В этой песне были чистые и очень яркие по смыслу слова. Я пел, а перед глазами вставали мои старые друзья, моя Катька, Олег с Наткой, Ольга с Геннадием, Юлька Кимчук, Колька Серебряников, Володька. Мне казалось, что я вижу их лица, взволнованную маму, уверенного в себе отца, чуть ироничного всегда Олега, добрую, немного печальную Ольгу, и весь этот калейдоскоп так закружил меня, что окончив песню, я лишь через какую-то минуту услышал аплодисменты, и увидел пробирающуюся к сцене между рядами Милену.
А тем временем, конферансье объяснял присутствующим, что данная песня прозвучала на русском языке, и слегка переврав, перевел текст. Ну а когда я собрался было, объявить вторую песню, на сцену поднялась улыбающаяся Милена, и как в западных телешоу, помахав собравшимся, направилась ко мне. Подойдя сбоку, она, ничуть не смущаясь чмокнула меня в щеку, а затем, спросила так, что ее услышали только здесь на сцене:
— А можно и я спою?
Конферансье, видно, никак не ожидавший подобного поворота, хотел было что-то возразить, но пробегавший мимо него Рихардо, шепнул что-то ему, и подскочив, нацепил Милене на ворот платья, маленькую пуговку микрофона.
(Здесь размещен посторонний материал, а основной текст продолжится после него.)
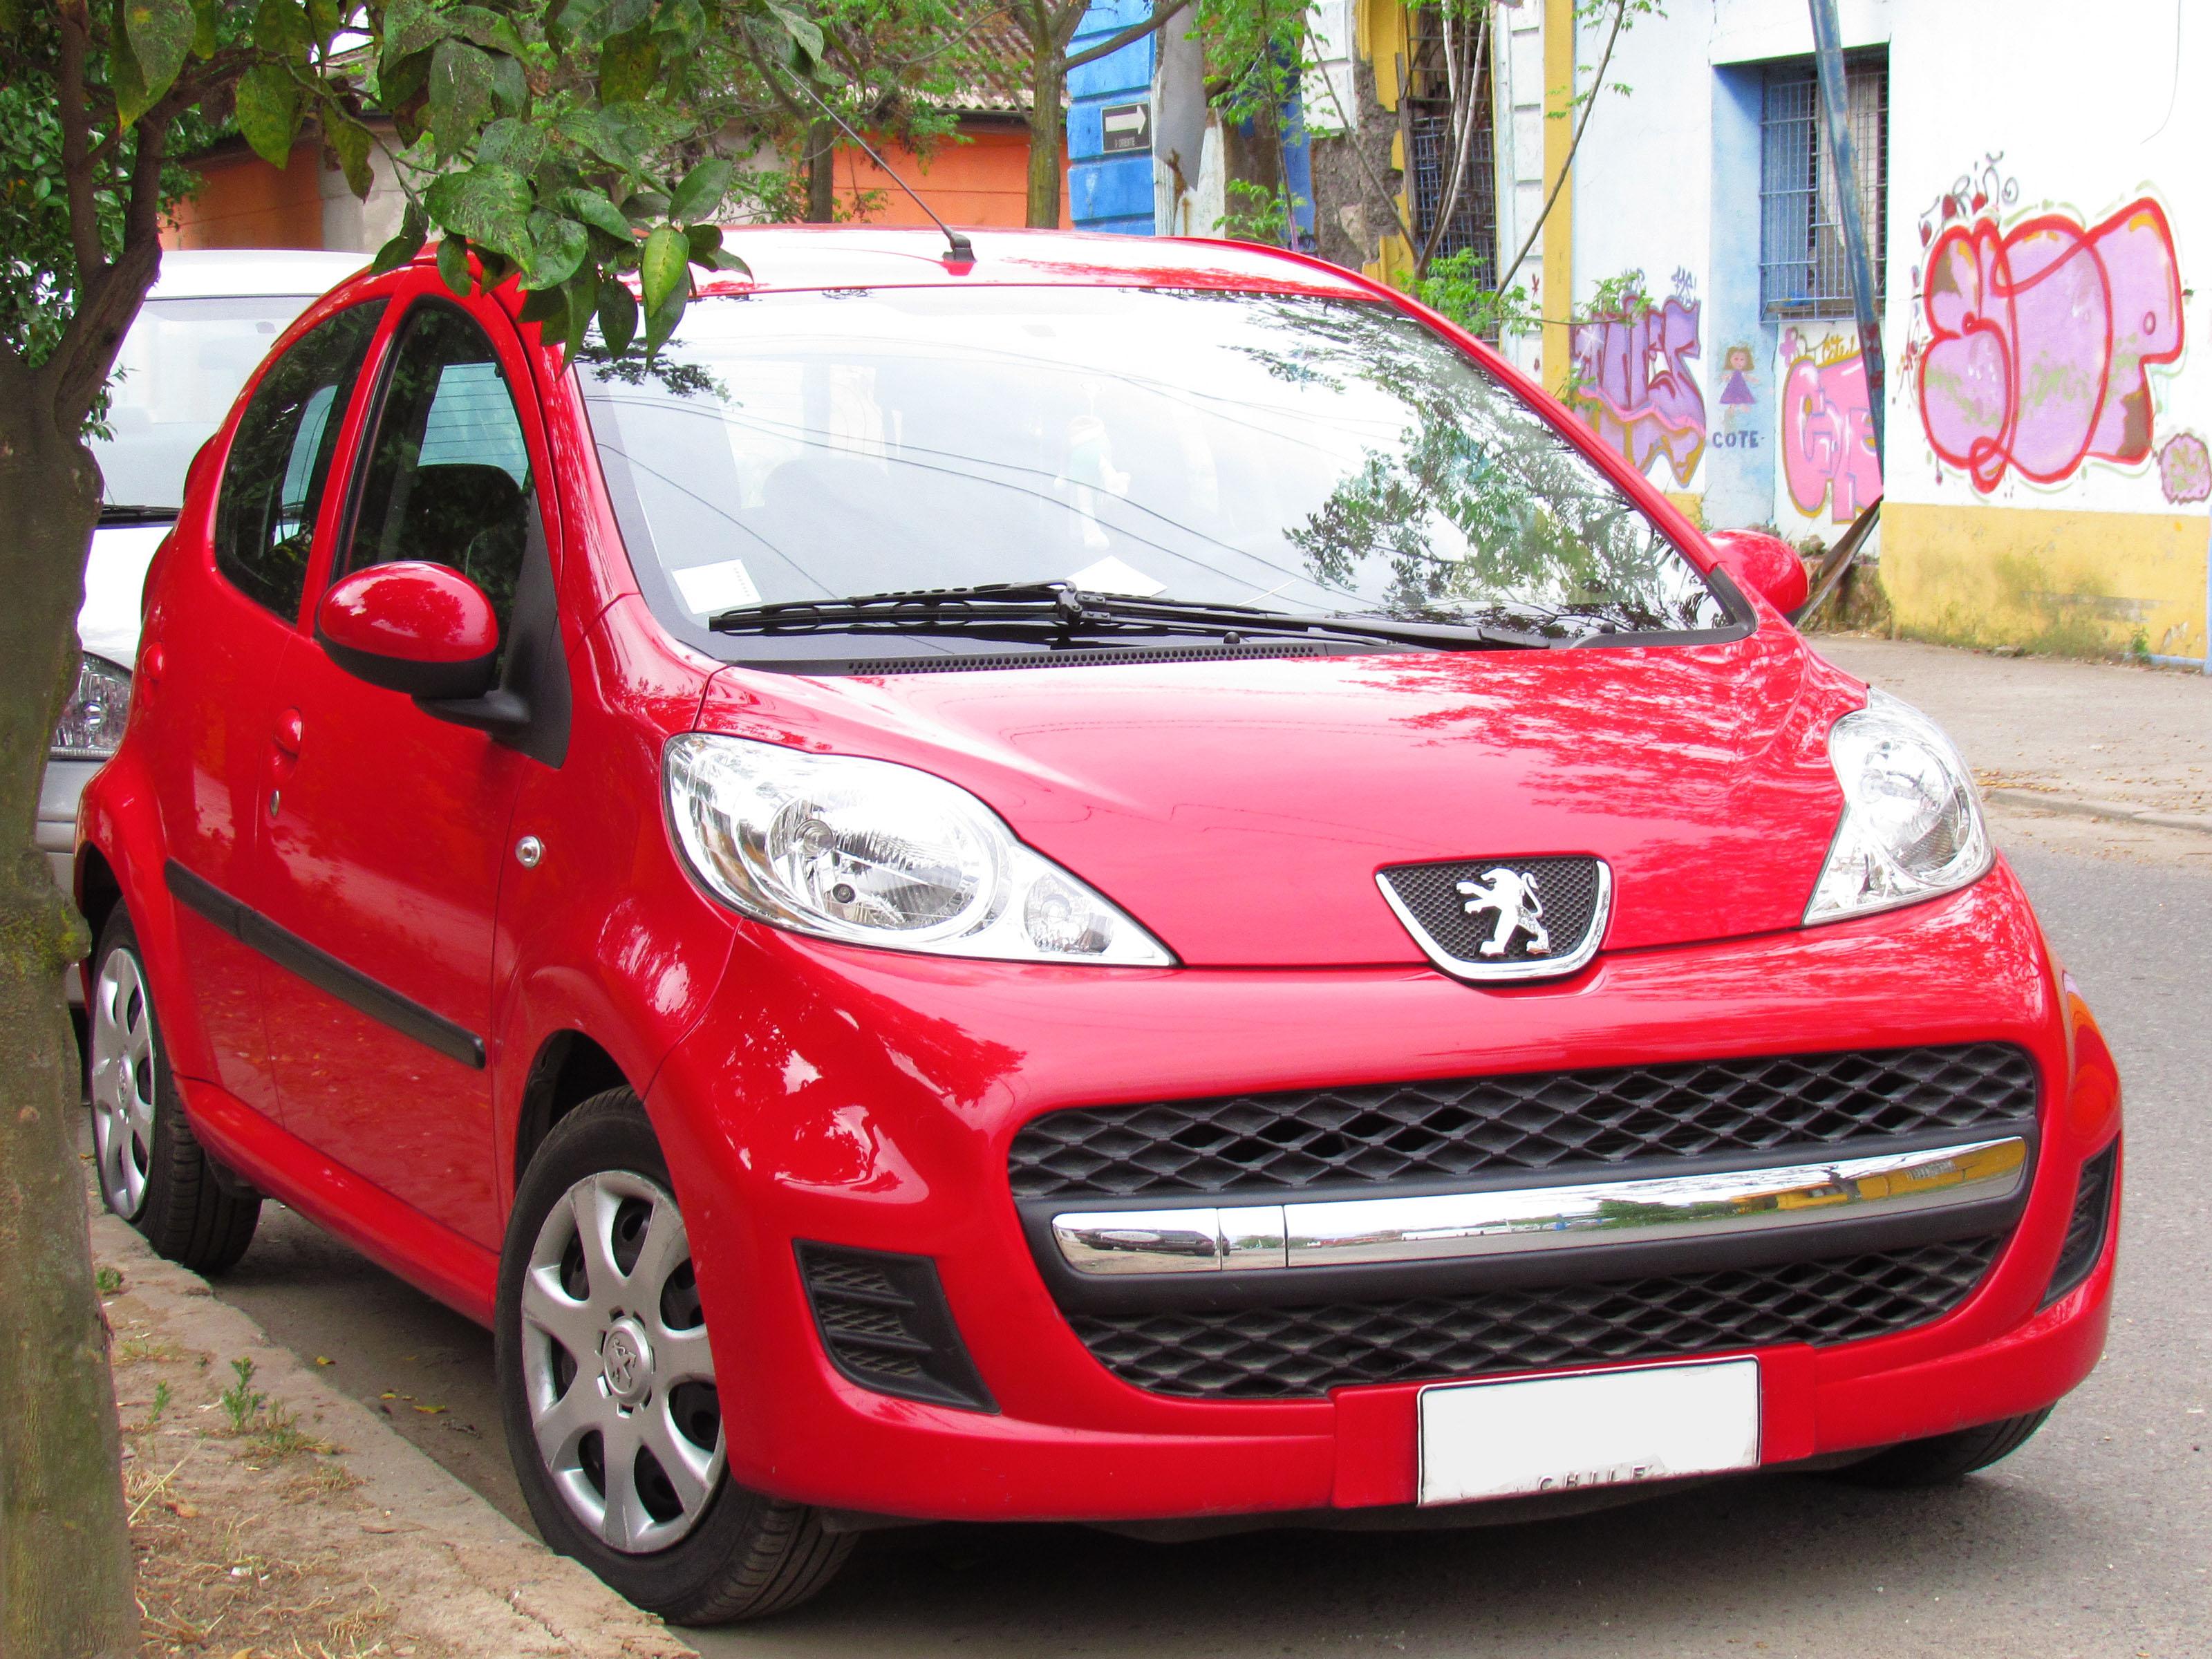 File Peugeot 107 1 0 Active 2010 11863122825 Jpg Wikimedia Commons

Посчитав данный выход запланированным сюрпризом, наш звукарь ускакал к себе за пульт, оставив меня в полной растерянности.
Но оказалось, Милена в той своей жизни, была не только ученой, но и попутно, всерьез занималась музыкой, с профессиональными преподавателями.
И вот, разглядывая сверкающий яркими огнями синтезатор, она спросила тихо:
— Алекс. Что из англоязычных исполнителей ты знаешь?
тогда я, зависнув на полминуты, вспомнил навскидку с пяток, звучавших в мое время хитов. И предложив ей песню из репертуара одной западной певицы, которая мне всегда нравилась, подцепив наушники, взятые специально для настройки между номерами, легко отыскал нужный стиль, который по всем параметрам, был даже круче оригинала.
Милена как оказалось, знавшая наизусть почти всю западную эстраду, лишь кивнув мне, спросила:
— Как в оригинале? После вступления?
И когда я, заиграл начало, эта фантастическая девушка, легко ступая по белым плитам, вышла на середину сцены.
Нет, я конечно слышал красивые голоса, и часто встречал по роду занятий людей с абсолютным слухом, но такого исполнения, в общем-то, довольно непростой в техническом плане песни, я никогда не слышал.
Голос у Милены был таким чистым и нежным, и выдавал такие сердечные интонации, что площадь замерла, слушая эту необыкновенную девушку.
Вокруг разливалась такая чистая грусть, такие волны любви и страдания, заложенные в каждой ноте, что на глазах у многих заблестели слезы, а наш Рихардо вылез из своей кабинки, и стоя на краю за занавесом, глядел на Милену с раскрытым ртом.
Когда эта песня окончилась, публика с полминуты словно загипнотизированная пребывала в оцепенении, а затем, грянули такие овации, что я забеспокоился; не рухнула бы вся эта терраса вместе со всеми нами, с трехсотметровой высоты.
Видно было, что подобного вокала здесь еще никогда не слышали. Поэтому, после пяти минут оваций, понявший сразу в чем соль — конферансье, громко объявил:
— Следующую песню, нам исполнит вновь наша дорогая рожденная! — и обернувшись к нам, вопросительно поднял брови.
Пришлось нам вспоминать все, что только можно. Ну а после того, как Милена спела еще с пяток хитов, а публика все никак не хотела ее отпускать, мне на память пришли несколько известных в мое время дуэтов.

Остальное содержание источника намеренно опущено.